About 4,000 employees were initially told to isolate themselves.
Thousands of Amazon employees in the UK were told to isolate themselves after COVID-19 tests were initially positive again, but it turned out to be a false alarm.
A spokesman for the UK Department of Health and Welfare told ABC News that on February 13 some 3,853 Amazon employees had been told positive, and that the department later that night said it really they had been negative.
“Working closely with Amazon, NHS Test and Trace quickly notified affected employees to let them know they did not need to isolate,” the spokesman said in a statement.
Amazon did not specify where the affected employees in the UK worked or what their roles were.
The e-commerce giant has a workplace testing program, launched last fall, that uses PCR testing. The company has reported positive cases to Public Health England on a daily basis and the agency manages transfers of this data to the National Health Service Test and Trace.
“We have contacted our partners and partners to support them with the appropriate action steps, as per the NHS instructions,” Amazon said in a statement.
The UK is fighting its own variant of the coronavirus which according to health experts is more contagious and spreading to other parts of the world.
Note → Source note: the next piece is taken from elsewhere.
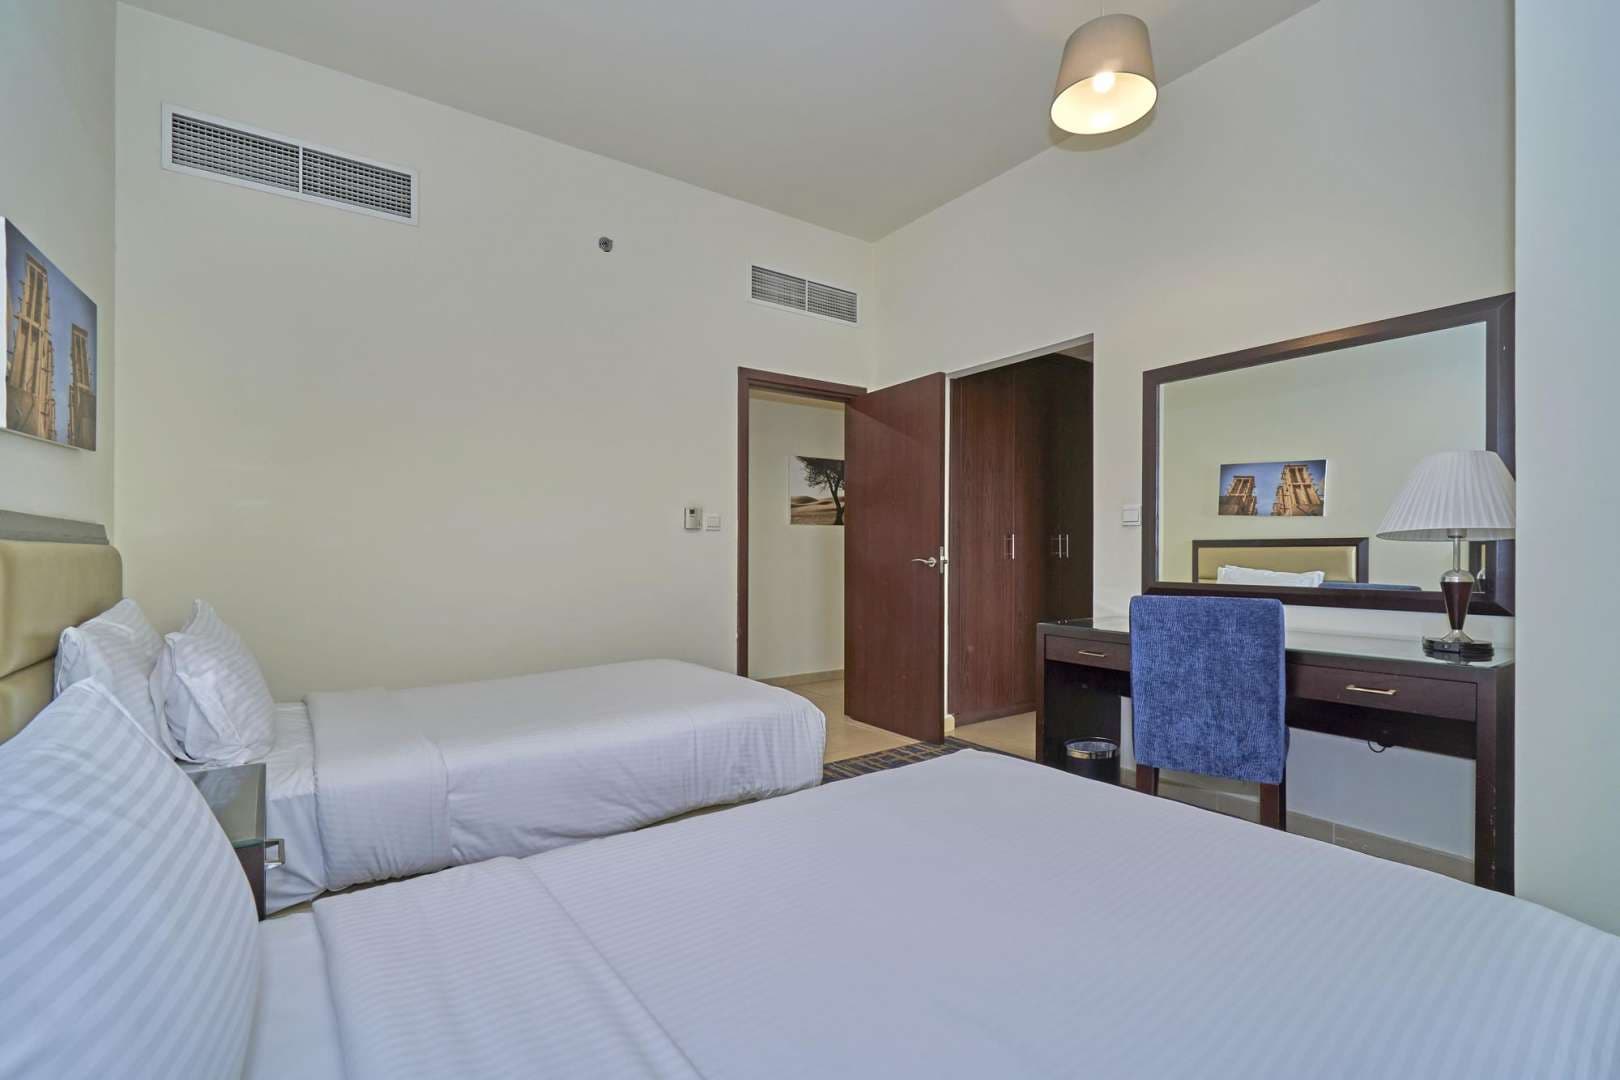 3 Bedroom Apartment For Rent Amwaj Lp05804 1919c70853521700.jpg
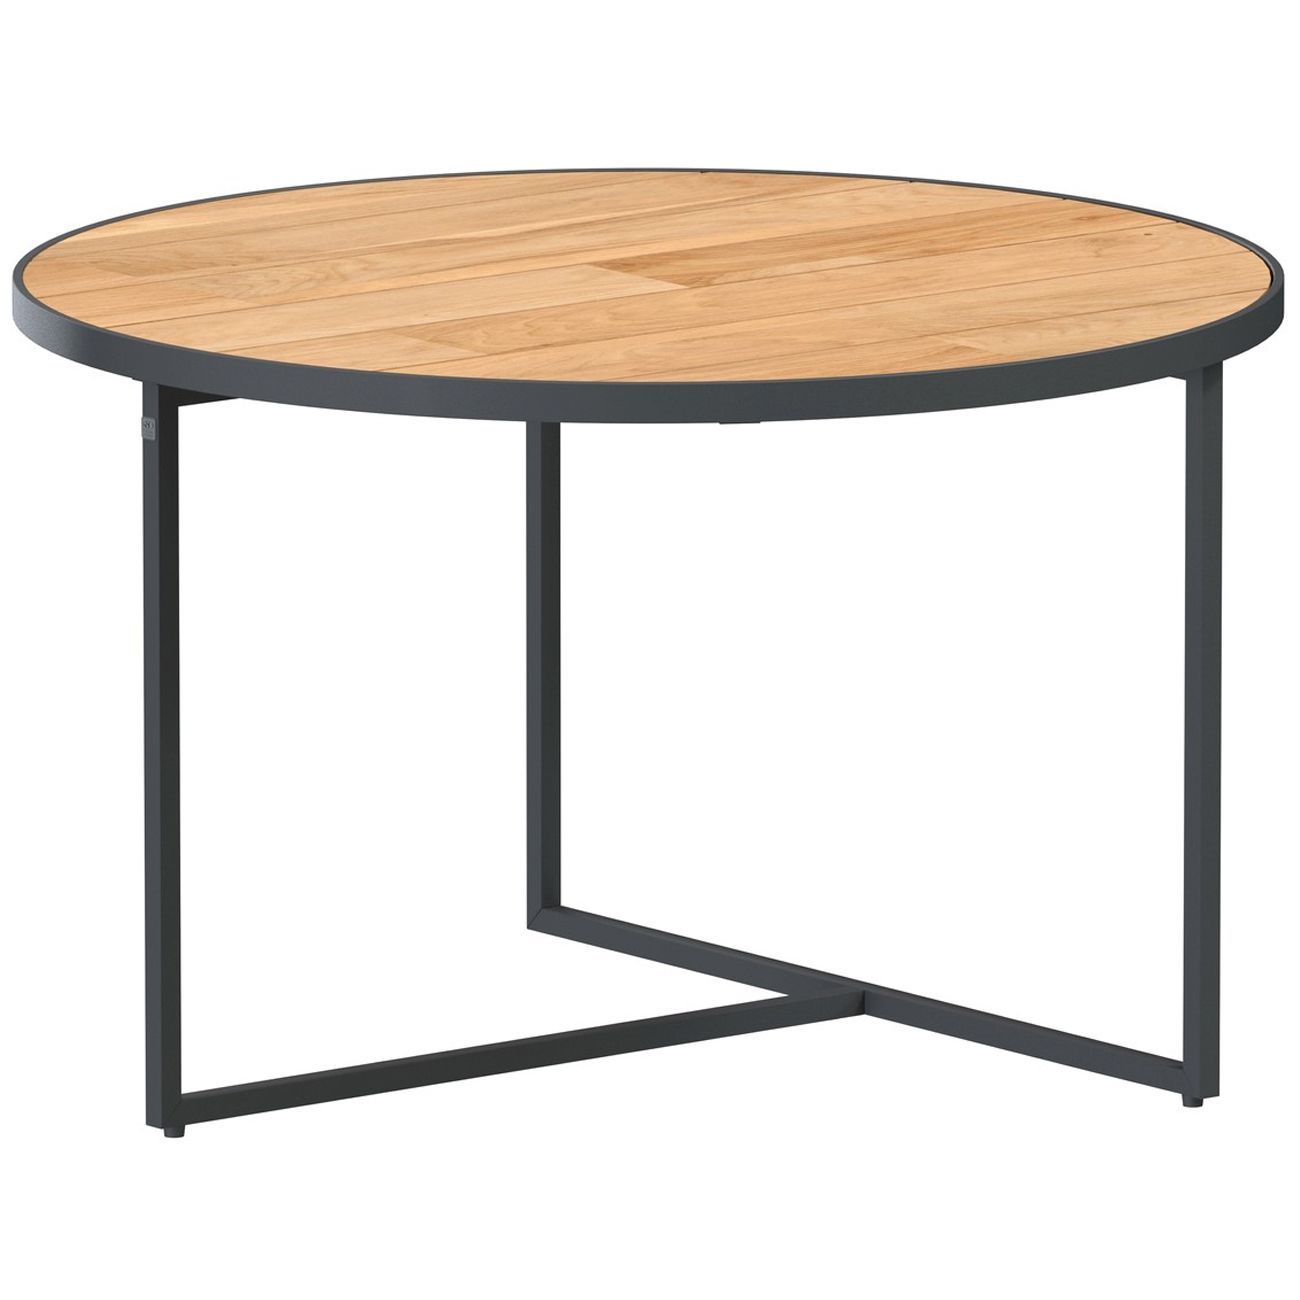 4Seasons Outdoor designové zahradní konferenční stoly Strada Coffee Table Round (průměr 73 cm) - DESIGNPROPAGANDA

British government health data, however, indicate that COVID-19 cases and deaths have declined.
According to the data, 86,321 new cases were registered in the country during the last seven days, a drop of almost 28% compared to the previous week. There were 4,345 deaths last week, a 25% drop from the previous week, the British government said.
As of Monday night, 15,576,107 residents had received the first vaccine, according to health data.